Послушалась Лава Литуса. Хотя и не вполне поняла, отчего глаза у того заблестели да голос задрожал, когда он об укрытии Лауруса обмолвился. Однако вскоре ей стало не до догадок. Уже через неделю после бегства из Ардууса Лава, взглянув в зеркало, попадись оно ей в руки, не то что себя бы не узнала, она бы решила, что не зеркало перед ней, а окно, в которое заглядывает неизвестный ей вымотанный долгой дорогой мальчишка. На третий день пути, когда уже в темноте беглецы добрались до большого атерского села, раскинувшегося возле крепости Манус, памятного Лаве тем, что именно здесь она сломала нос мерзавцу Болусу, Литус оставил ее в снятой каморке наедине с двумя лоханями теплой воды, черепушкой мыльного раствора и жестяным корытом, после чего забрал ее теплый пелиссон, шапку, сапоги и ушел, заперев комнату снаружи. Отложив безрадостные мысли о собственной дальнейшей судьбе, Лава немедленно разделась, налила в корыто воды, намылилась и, блаженно вытянув ноги, решила, что если подобное развлечение она будет иметь хотя бы раз в неделю, ее жизнь окажется не так плоха, какой представлялась ей в последние дни. Теплая вода и почти забытое ощущение чистоты разморили девчонку, поэтому она открыла глаза только тогда, когда в дверях зашевелился ключ. Однако ни ее визг, ни вытаращенные глаза, ни поза скорчившейся над гнездом наседки не произвели на вошедшего с холщовым мешком и еще одной лоханью воды Литуса никакого впечатления. Он молча набросил на спину Лавы льняную тряпку и присел напротив.
– Значит, так. До Эбаббара еще пара недель пути, но перебегать от постоялого двора до постоялого двора мы долго не сможем. Аббуту, конечно, пока еще не слишком заселена, а вот в Махру народца хватает. И лазутчиков Ардууса тоже. Поэтому теперь ты вовсе мне не жена, а мальчик. Если быть точнее, – Литус начал доставать из мешка какие-то свертки, – то ты мальчишка Теребра из Самсума, приставленный учеником к бродячему наемнику родителями, которые нашли неплохой способ от тебя избавиться.

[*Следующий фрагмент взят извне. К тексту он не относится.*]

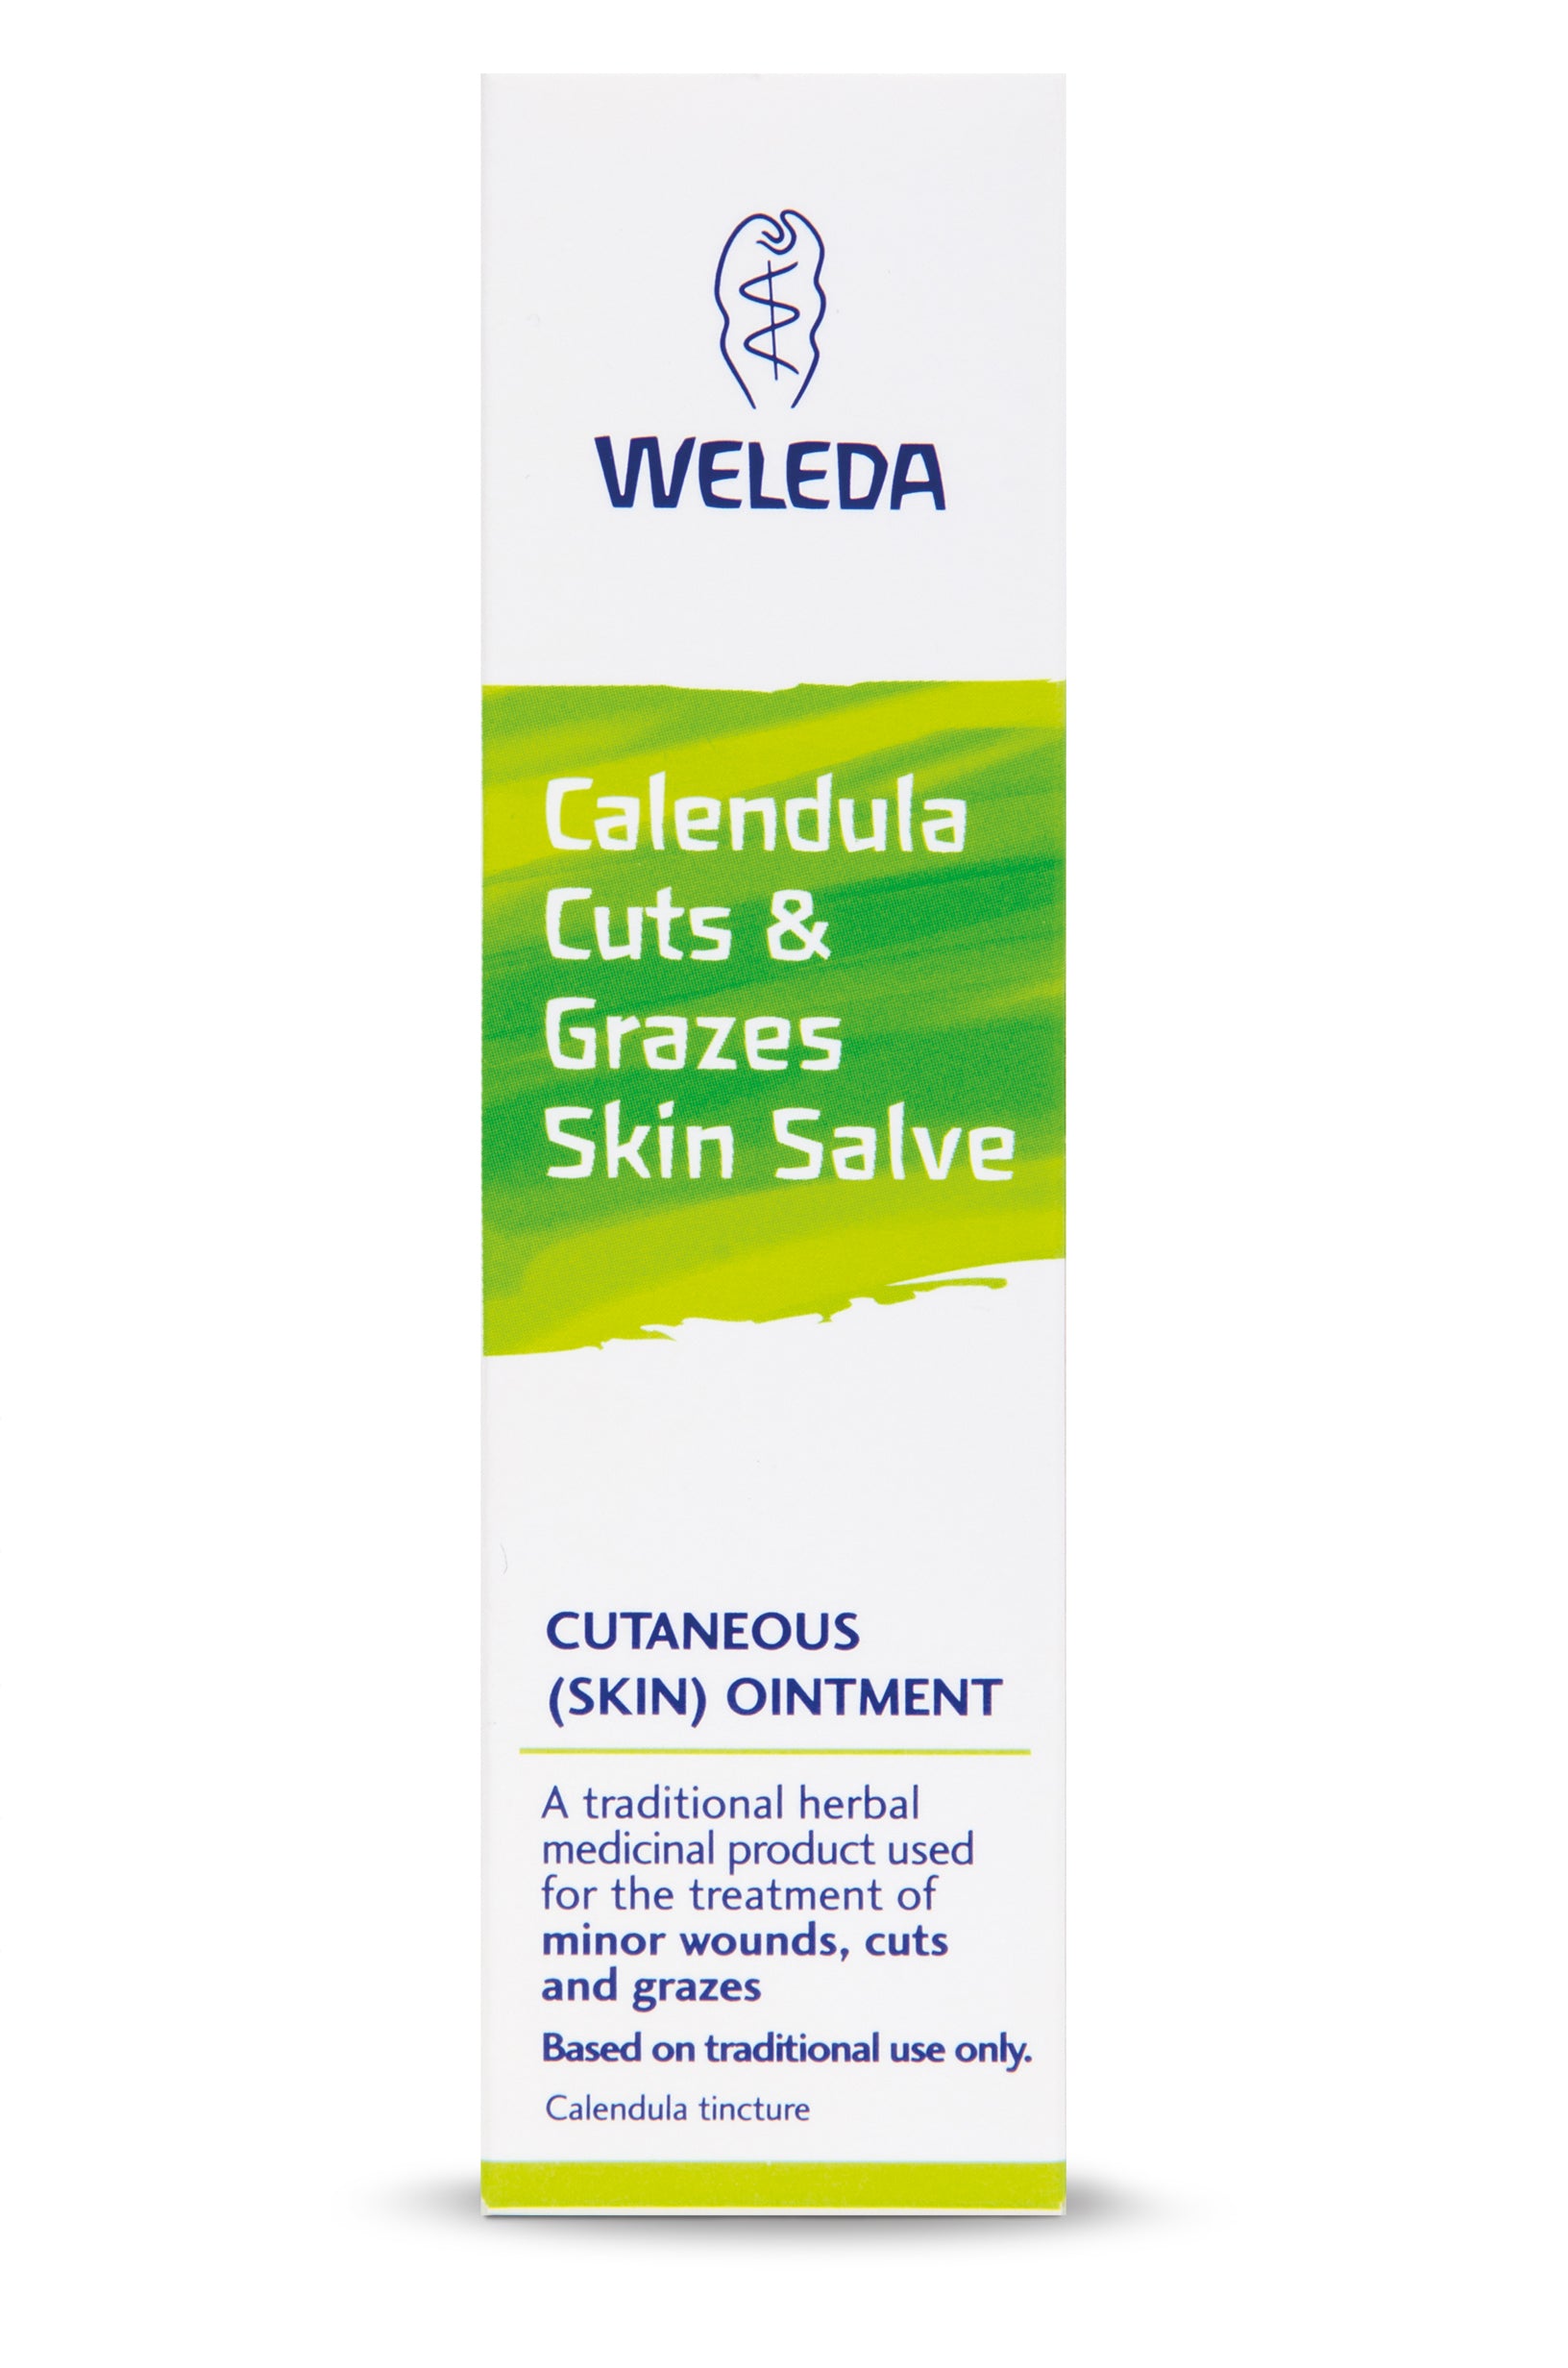 Calendula Cuts & Grazes Skin Salve - 25g - Box

– Как мальчишка? – обескураженно прошептала Лава.
– Вот так, – развел руками Литус, выудил из одного свертка ножницы и зловеще ими пощелкал. – Обычный мальчишка среднего роста с короткими черными волосами, слегка курносым и слегка конопатым лицом, не двадцати трех лет, а лет так семнадцати, я думаю. С немаленькой, но и не слишком большой грудью, чтобы она выдавала в нем девушку. Бедра, конечно, у тебя никак не мальчишеские, но одеждой мы их прикроем. Так же, как грудь.
Бедра? Грудь?
Лава готова была разрыдаться, но даже прикрыть лицо было нечем, руки заняты льняной тряпицей, которой она загораживалась от спокойного и как будто чуть-чуть насмешливого взгляда Литуса. Волосы? Почему черные?
– Покрасим сейчас, – наклонился к ней Литус, раздалось щелканье ножниц, и Лава с ужасом поняла, что уже начала лишаться своих светлых густых волос. Только теперь она окончательно поняла, что ее прошлая жизнь, в которой она была озабочена всего лишь двумя вещами – поиском хорошего учителя фехтования и избавлением от наставлений матери и ухаживаний Болуса, закончилась навсегда. Слезы хлынули из ее глаз, и она уже не сопротивлялась ни когда Литус оставил на ее затылке волосы такой длины, что и ухватиться было не за что, ни когда мазал ее голову каким-то вонючим составом, ни даже когда смывал этот состав и даже шутил, что уши у Лавы вовсе не оттопыренные и его планы окликать своего ученика прозвищем Лопоухий придется отменить. Она была так расстроена, что вовсе забыла о льняной тряпице, когда Литус поставил ее на ноги, окатил водой с головы до ног, завернул в одеяло, а потом разложил перед ней мальчишеское исподнее, теплые порты, войлочные, подшитые кожей сапоги, рубаху, овчинный гарнаш и еще что-то, что теперь должно было стать ее одеждой. Только одно она и смогла сказать, когда все-таки натянула на себя исподнее и сунула мокрый от слез нос в слежавшуюся от времени и бедности подушку.
– Теребра – женское имя.
– Не волнуйся, – ответил Литус, который натянул поперек каморки бечеву, набросил на нее второе одеяло и как раз за ним пытался воспользоваться остатками воды и мыльного раствора. – Я сбивал с твоего ярлыка отметку о браке и случайно сбил часть имени. Ты Тереб.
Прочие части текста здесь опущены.